Qualitative Research Cafe

A taste of interpretive and critical approaches to research.

Archive for September, 2007


Virtual Ethnography

The increased use of virtual space as a cultural site for communication and social interaction opens a new space for social inquiry. The latest issue of the Forum: Qualitative Social Inquiry is devoted to this topic.

This peer reviewed journal is completely online and is truly international in its scope, indeed articles are available in several languages. You can subscribe to the journal and will get an email when each issue is published.

Ethnographic Case Studies

Here are links to the five elementary and middle school ethnographies that focus on the impact of state mandated testing on teaching and learning. In each case, one researcher spent a year doing participant observation with the team of 3 or 4 researchers involved in teacher, parent and administrator interviews.


Creating a Culture of Preparedness: One Suburban School’s Experiences with High-Stakes Testing

Make It a Great Day or Not. The Choice is Yours: Teaching & Learning Amidst Low Test Scores in an Urban Middle School

Hemlock’s Stand: One Urban Elementary School’s Efforts to Raise Test Scores

Doing the Best on the Tests: A Suburban Elementary School’s Response to High Stakes Test

Finding a Path In A High Stakes Environment: One City Elementary School’s Experience with State Standards & Testing

Everyone Has an Epistemological Project

Here is one of the Shepard Fairey statements currently cropping up around Vancouver (unfortunately the masterful superimposing of obey the giant over the MacDonalds billboard was gone by the time I got back to take a picture). I would describe his work as phenomenological as the appearance of obey in unlikely places challenges the taken for granted with an emphasis on disrupting images of capitalism, globalism and neo-liberalism. In this picture there is a blank billboard, but the juxtoposition with the Pattison sign is enough in and of itself.

shepard-fairey.jpg

Essence of Grounded Theory

Here is a nifty little graphic that illustrates the fundamental idea in grounded theory. I don’t remember where this comes from, so my thanks to whomever created this.

grounded-theory.gif

A Very Crude & Brief Overview of Some Major Methodologies

crude overview of research methodologies

Marxism, dialectics, and critical social science

An excellent resource to explore Marxist perspectives is Bertell Ollman’s website.

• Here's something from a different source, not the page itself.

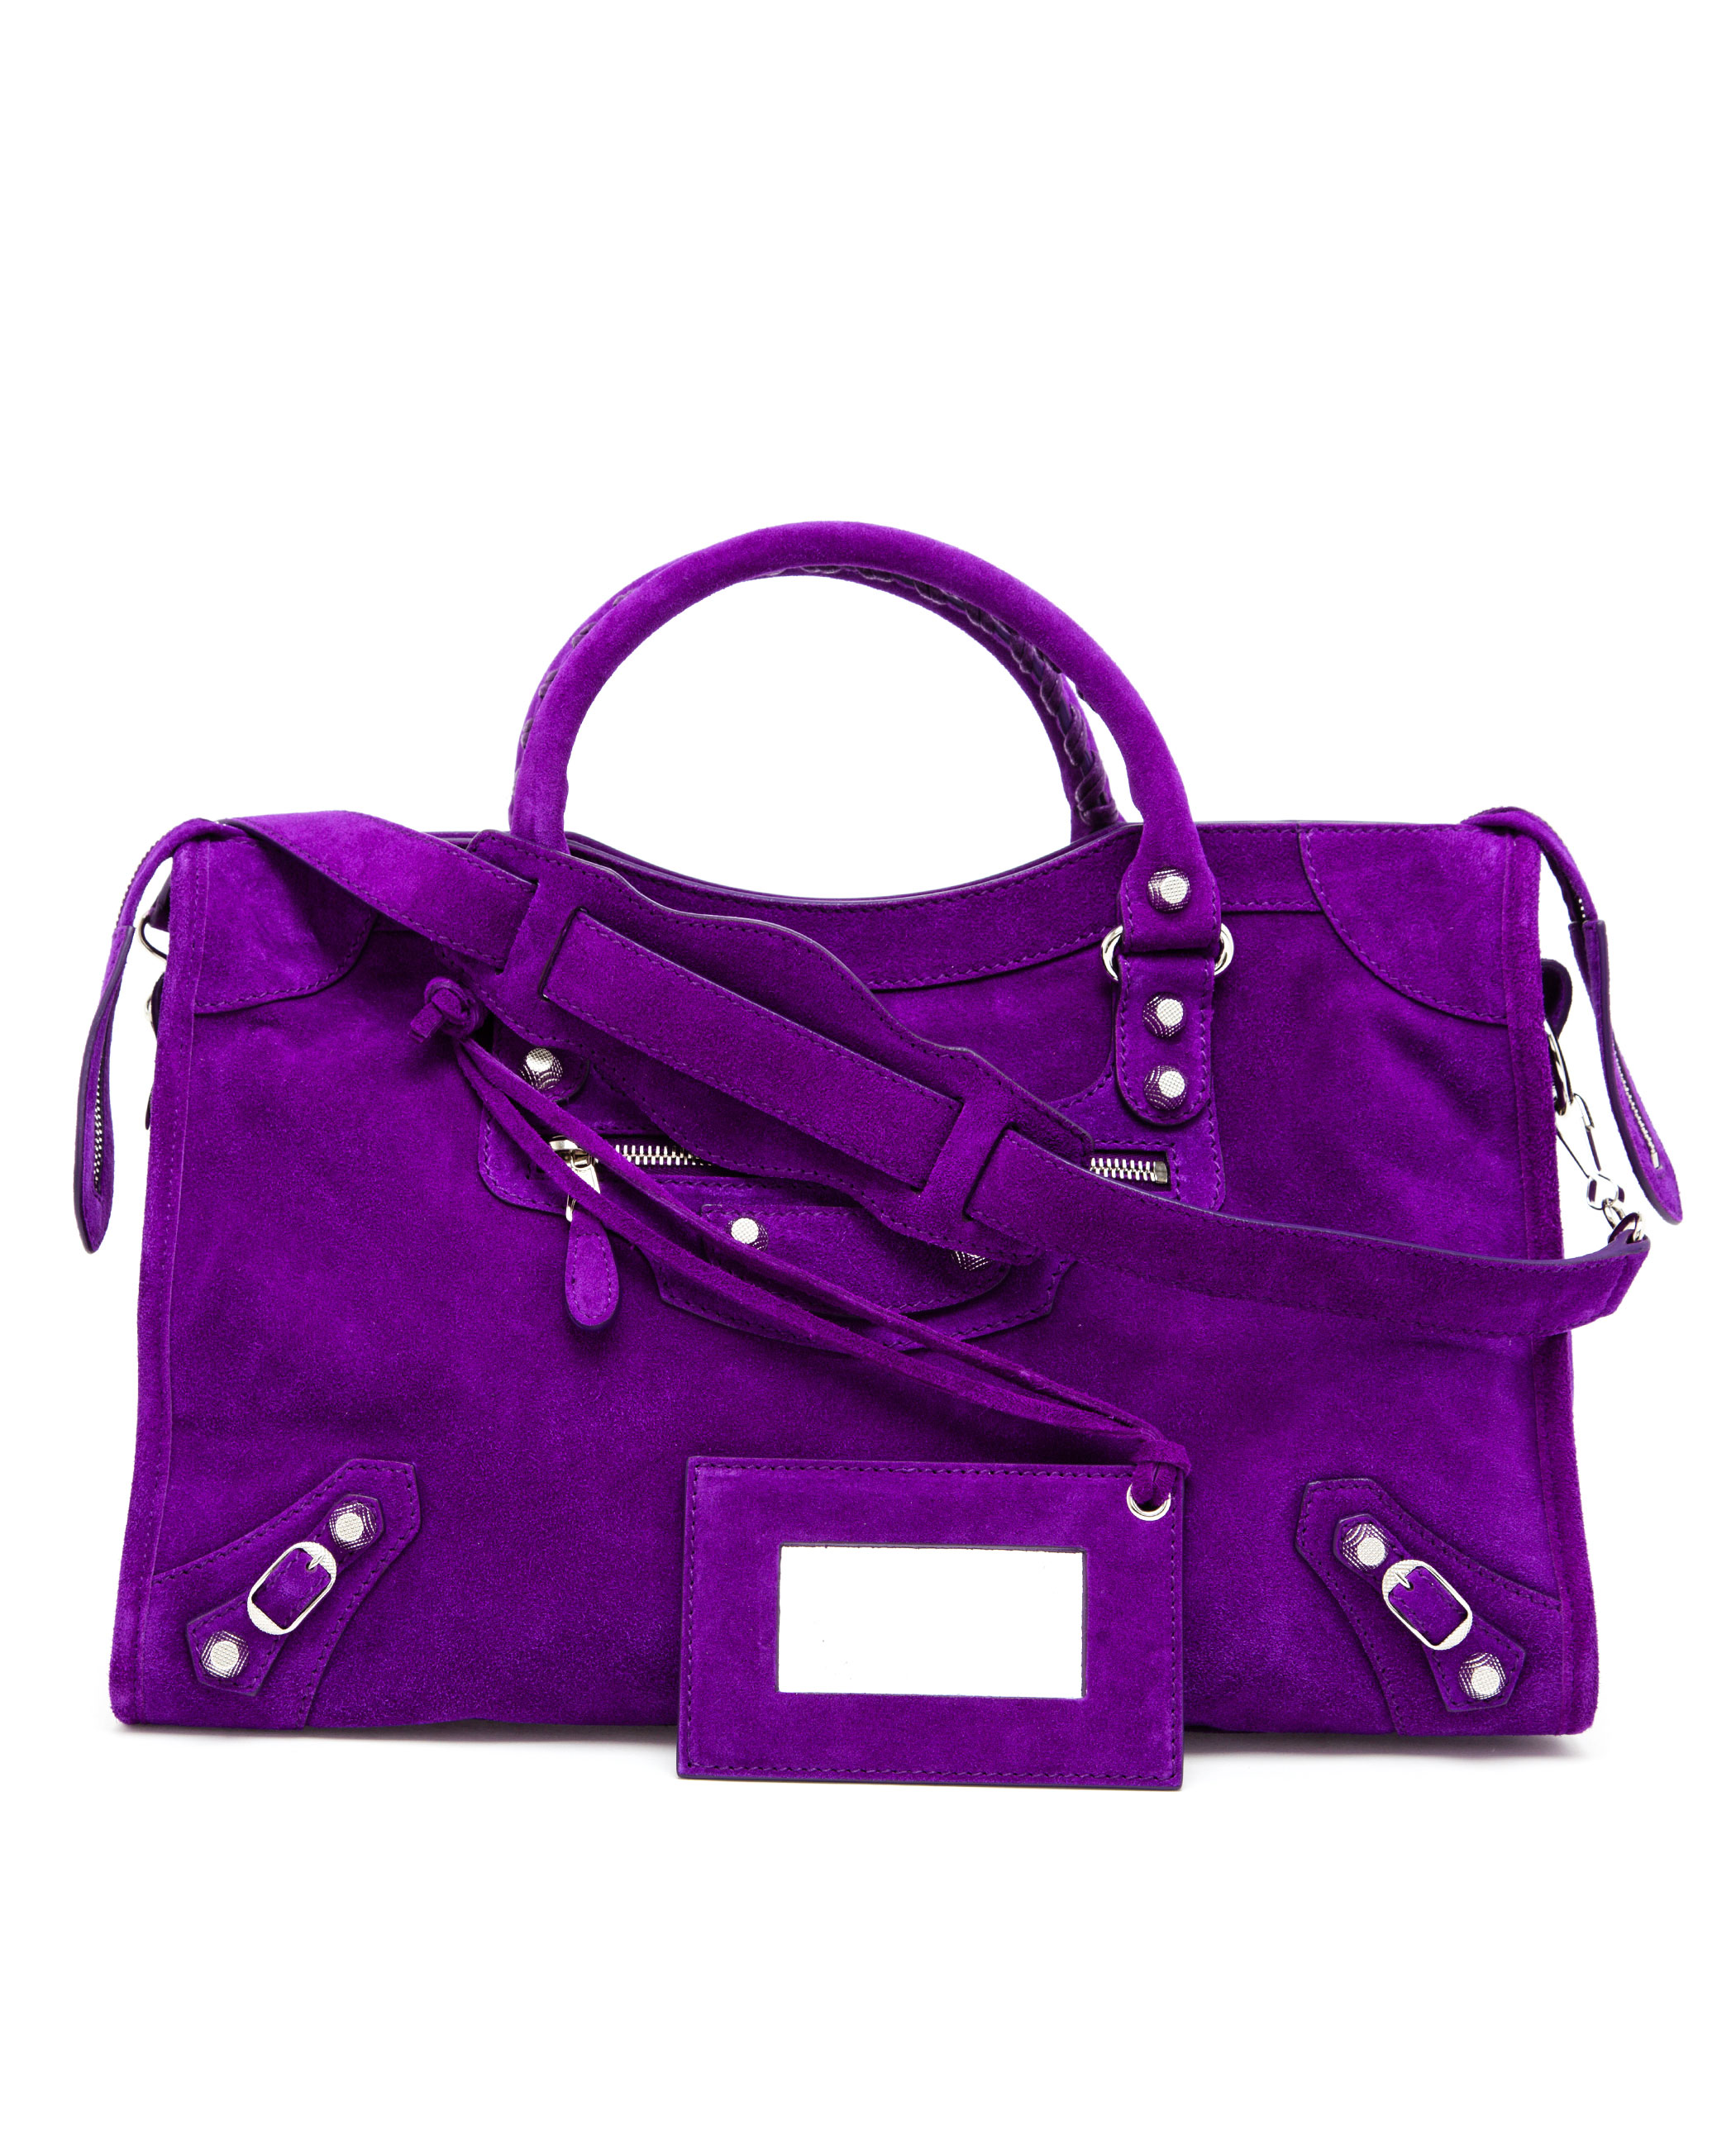 Balenciaga Classic City Suede Bag in Purple | Lyst

Lots of his publications can be found that, as well as links, and his scholarship is engaging and high quality. You will see a link to his book Dance of the Dialectics ~ the dance steps are below. So, when you need a refresher on dialectical thinking get up out of your chair, do the dance of the dialectics and then get on with your intellectual project.
Dance of the Dialectics

For a more general treatment of what it means to do critical social science, take a look at Brian Fay’s Critical Social Science. This book may be out of print but can easily be found in the library or through booksellers.

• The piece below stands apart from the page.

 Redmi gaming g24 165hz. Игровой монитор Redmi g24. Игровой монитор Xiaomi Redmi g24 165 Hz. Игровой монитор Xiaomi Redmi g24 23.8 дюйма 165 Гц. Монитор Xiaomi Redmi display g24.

Modern Philosophy from the Time of Kant

A little detailed but worth taking a look at, especially to see that the various philosophical traditions that underlie contemporary educational inquiry developed across about the same historical time frame. Too often positivism, interpretivism and critical approaches to inquiry are presented as if their were an evolution from one to the next. Each of these traditions has evolved over the past two hundred plus years and although the ideas of Comte, Husserl, and Marx live on in our contemporary orientations to inquiry their ideas are not static and we continually reinterpret them in the present.
Modern Philosophy

What is the difference between constructivism and constructionism?

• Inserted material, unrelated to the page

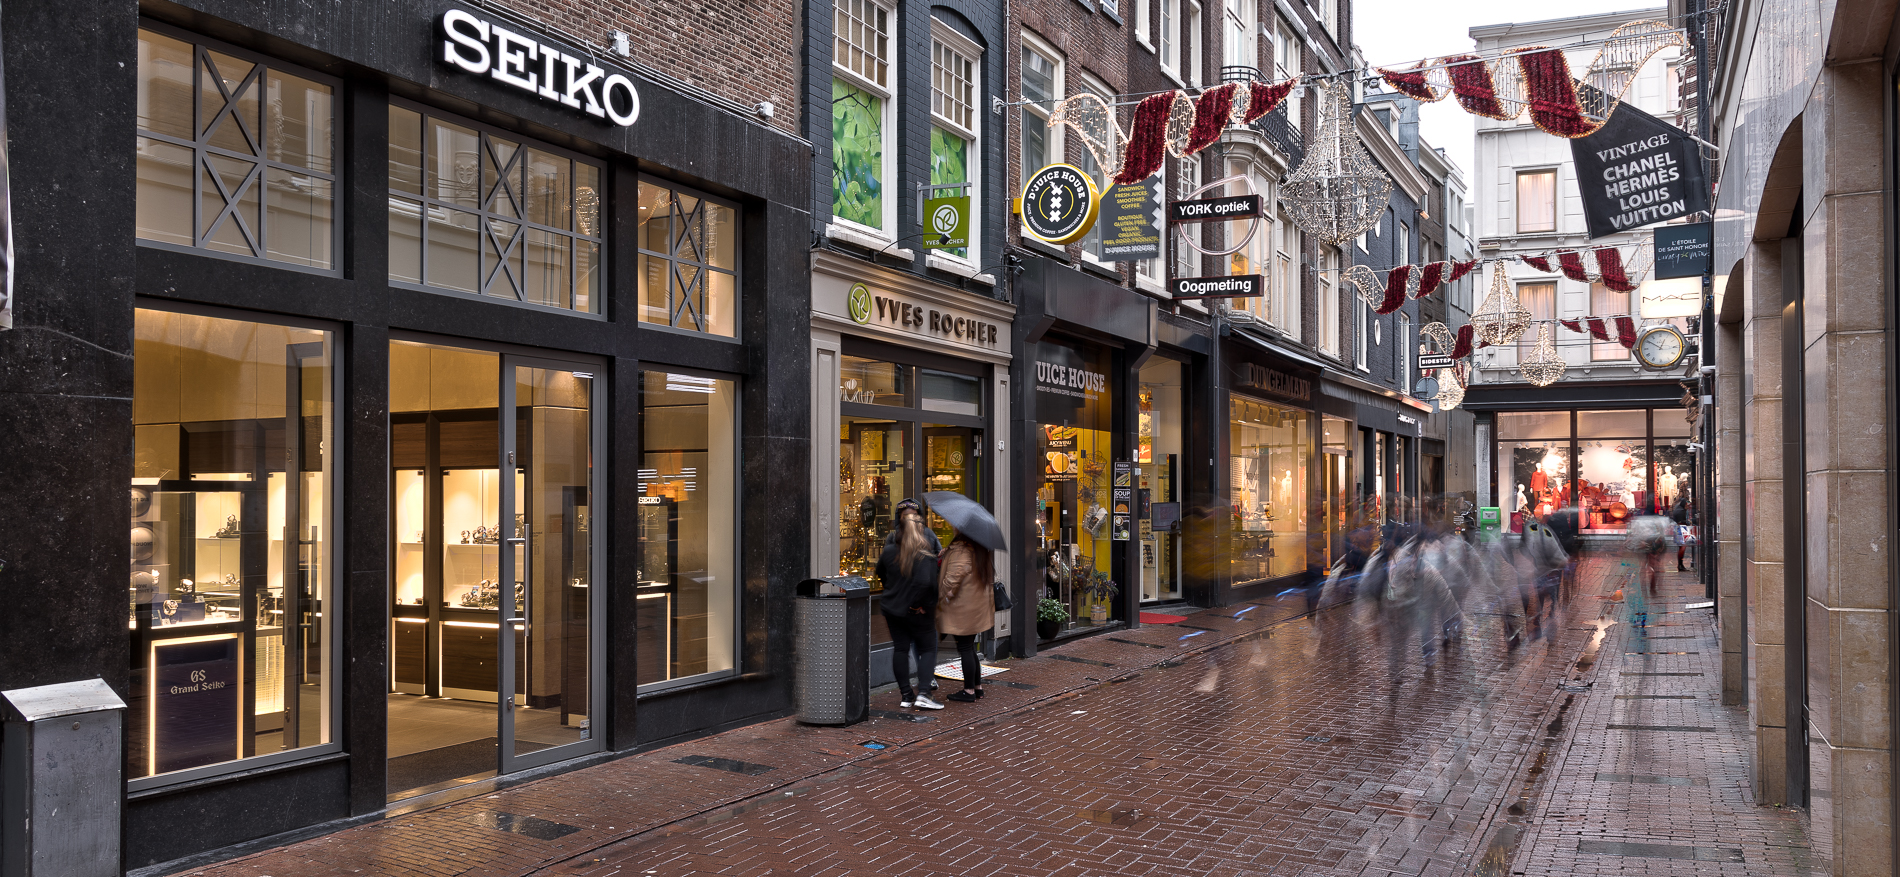 Seiko Brandstore | Amsterdam (NL) - Jeweler

You will note in the Crotty readings that his emphasis is on constructionism, what he at times calls social constructionism (or sometimes social constructivism). While it may seem at first reading this is all about different words for the same or different things, these are indeed critical differences that matter. Constructivism, especially social constructivism, is the epistemological foundation for interpretative and critical research perspectives. Davis & Sumara in this article that refers more to teaching than research, is nonetheless excellent on these distinctions. Knowing whether you adopt a subject-centred constructivist epistemology or a subject object interdependent constructionist epistemology is an important step in finding a research orientation that is sensible.

Data Analysis Software

If you gave a 30 item survey to 1000 people would you analyze the results by hand or in your head? Probably not. The amount of data from an interpretive study will be just as voluminous and using computer assisted data analysis can make the analysis more systematic and frankly easier. There are a number of programs available, most are sold by Scolari and which one you use is at least partly a matter of personal choice.

In addition, the system you work on will matter. I am a Mac user and use HyperResearch. Other popular software packages, especially for those still stuck in the Windows world are atlas.ti and NVivo.